2022 Big Ten baseball tournament
- Teams: 8
- Format: Double-elimination
- Finals site: Charles Schwab Field Omaha; Omaha, Nebraska;
- Champions: Michigan (10th title)
- Winning coach: Erik Bakich (2nd title)
- MVP: Clark Elliott (Michigan)
- Television: BTN

= 2022 Big Ten baseball tournament =

The 2022 Big Ten baseball tournament was held at Charles Schwab Field Omaha in Omaha, Nebraska, from May 26 through 29. As the tournament champion, Michigan earned the Big Ten Conference's automatic bid to the 2022 NCAA Division I baseball tournament. The tournament aired on the Big Ten Network. This was the first tournament since 2019 after the previous two tournaments were cancelled due to the COVID-19 pandemic.

==Format and seeding==
The 2022 tournament was an eight team double-elimination tournament. The top eight teams based on conference regular season winning percentage earned invites to the tournament. The teams then played a double-elimination tournament leading to a single championship game.

==Schedule==

| Game | Time* | Matchup^{#} | Score | Television |
Thursday, May 26
| 1 | 9:00 a.m. | No. 3 Iowa vs. No. 6 Penn State | 2–5 | BTN |
| 2 | 40 mins after Game 1 | No. 2 Rutgers vs. No. 7 Purdue | 10–3 |
| 3 | 40 mins after Game 2 | No. 1 Maryland vs.
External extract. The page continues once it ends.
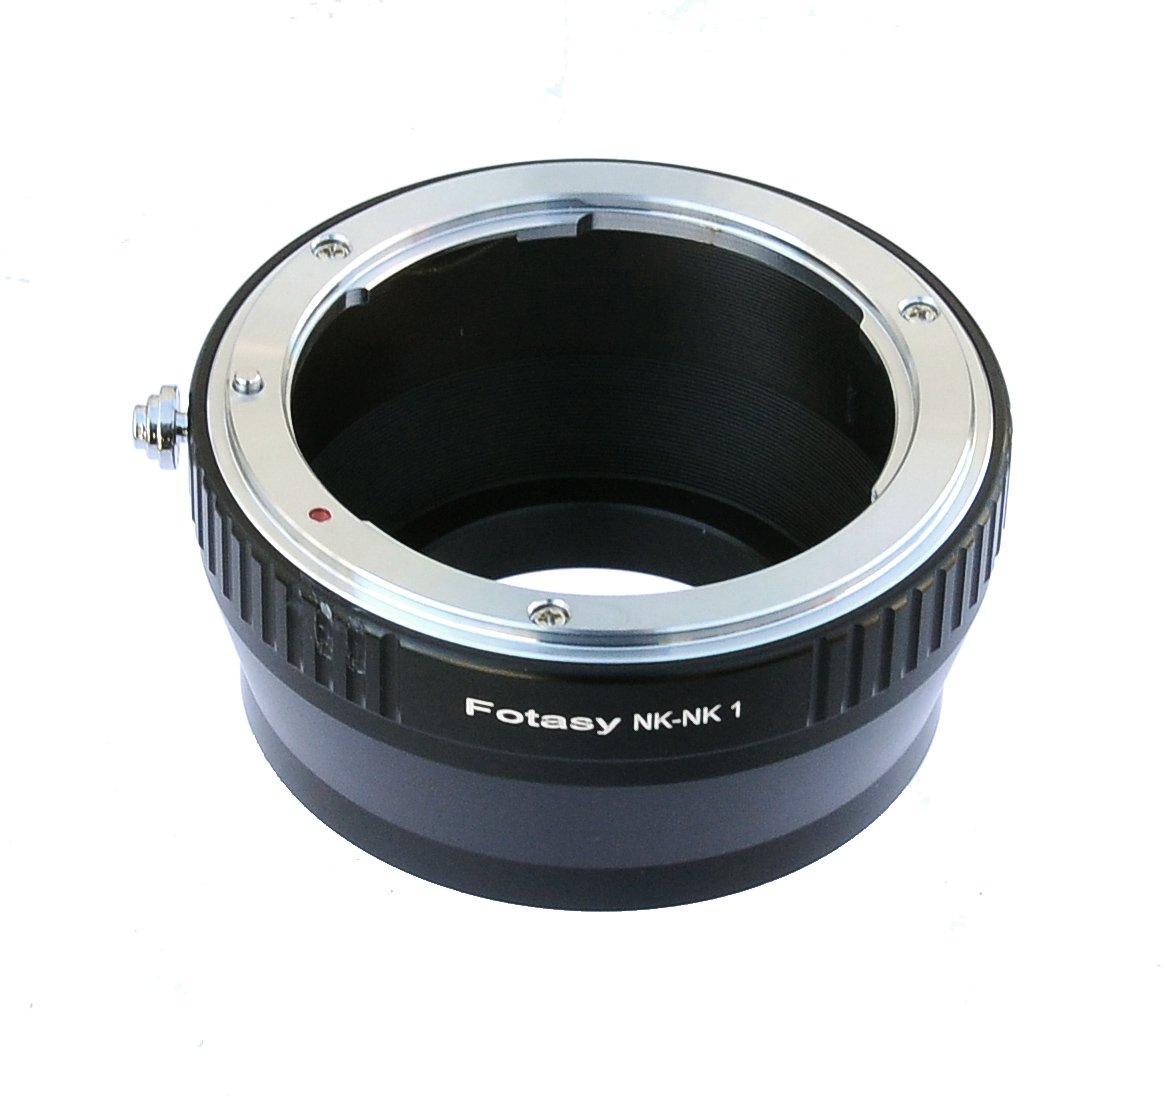 Fotasy Nikon Lens to Nikon 1 Mirrorless Camera Adapter, fit Nikon V1 V2 V3 S1 S2 J1 J2 J3 J4 J5 AW1

No. 8 Indiana | 6–5^{11} |
| 4 | 40 mins after Game 3 | No. 4 Illinois vs. No. 5 Michigan | 5–7 |
Friday, May 27
| 5 | 9:00 a.m. | No. 3 Iowa vs. No. 7 Purdue | 5–4 | BTN |
| 6 | 40 mins after Game 5 | No. 6 Penn State vs. No. 2 Rutgers | 4–5^{10} |
| 7 | 40 mins after Game 6 | No. 8 Indiana vs. No. 4 Illinois | 8–1 |
| 8 | 40 mins after Game 7 | No. 1 Maryland vs. No. 5 Michigan | 8–15 |
Semifinals - Saturday, May 28
| 9 | 9:00 a.m. | No. 6 Penn State vs. No. 3 Iowa | 3–11 | BTN |
| 10 | 1:50 p.m. | No. 1 Maryland vs. No. 8 Indiana | 4–6^{11} |
| 11 | 5:00 p.m. | No. 5 Michigan vs. No. 3 Iowa | 3–7 |
| 12 | 9:00 p.m | No. 2 Rutgers vs. No. 8 Indiana | 14–2^{7} |
Championship – Sunday, May 29
| 13 | 1:00 p.m | No. 3 Iowa vs. No. 5 Michigan | 1–13^{7} | BTN |
| 14 | 5:00 p.m | No. 2 Rutgers vs. No. 5 Michigan | 4–10 |
*Game times in CDT. # – Rankings denote tournament seed.